KEY LARGO, Fla. –– Technicolor coral once covered stretches of underwater reefs in the Florida Keys and beyond. But now, they are dying and researchers have likened them to abandoned underwater cities.
"Live coral reefs are what gives coral reefs that beautiful color. There's lots of different blues and yellows and greens … the Keys specifically, our reefs have experienced a decline in coral cover starting as early as the 1970s, 1980s, and coral cover used to be about 25 percent. Now it's as low as 2 percent in several sites," Jessica Levy, the program manager at the Coral Restoration Foundation, said.
"Reefs globally are declining. We're facing the decline of an entire ecosystem, which is completely unheard of," she added. "We've never seen that before … I like to think of a coral reef without corals or without that coral cover as basically being an abandoned city eventually."
Groups like the National Oceanic and Atmospheric Administration and the Coral Restoration Foundation are teaming up to save seven iconic reefs up and down the Florida Keys.

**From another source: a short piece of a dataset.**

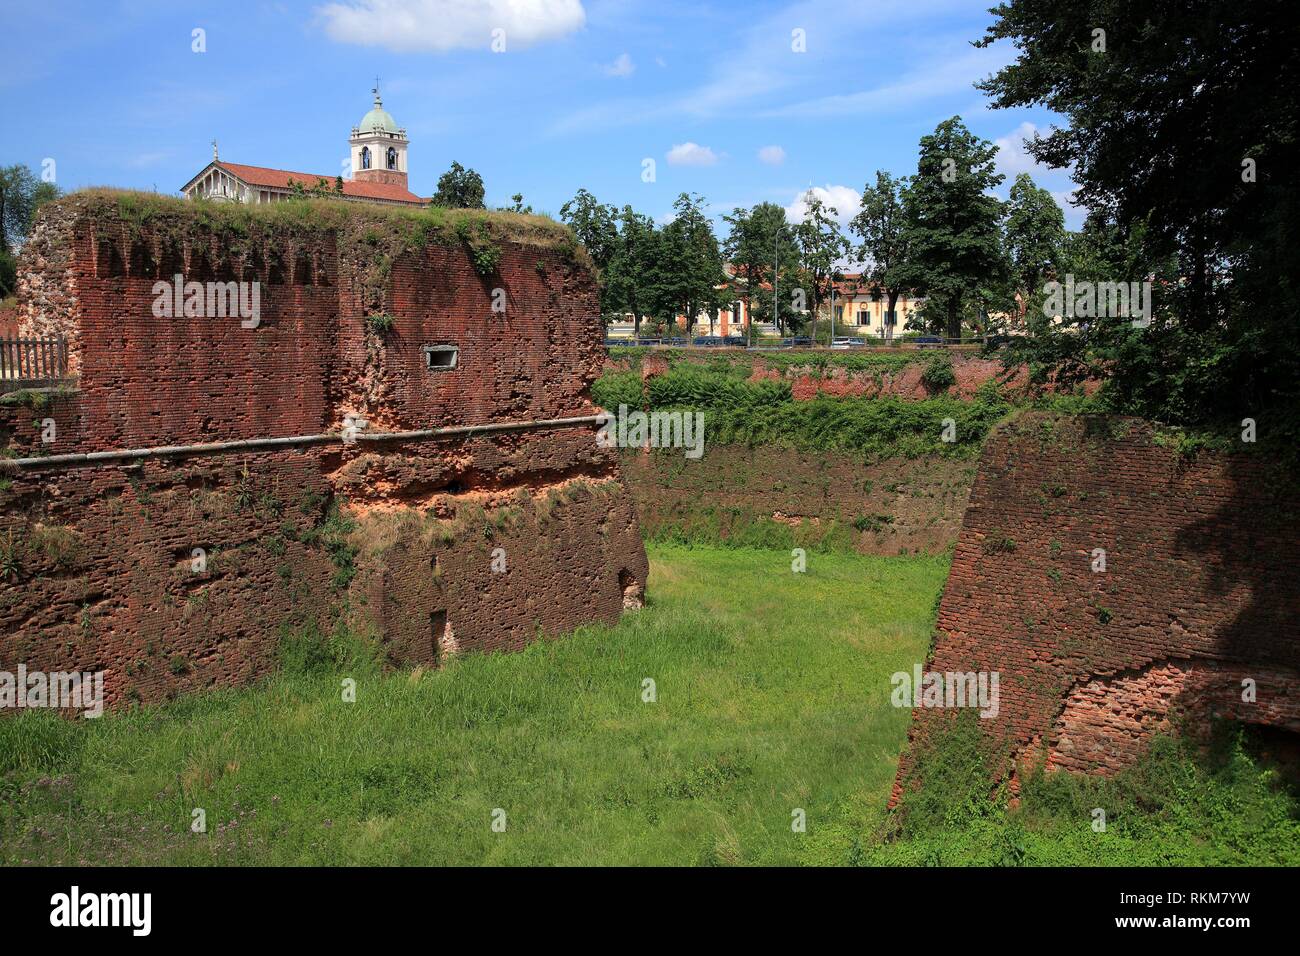 Remains of Visonti-Sforza castle Novara. Italy. Stock Photo

"We're working with partners, with a lot of other groups, such as NOAA, The National Marine Sanctuary Program, Florida Keys National Sanctuary, The Nature Conservancy, Mote Marine Lab, Florida Fish and Wildlife Conservation Commission — lots of partners are coming together for this mission. The Mission Iconic Reefs is an extremely collaborative, holistic approach to reef restoration in the Florida Keys. It's at a scale that's unprecedented and this project itself is a first of its kind for us," Levy said.
Levy pointed out that the $100 million project will take about two decades to complete.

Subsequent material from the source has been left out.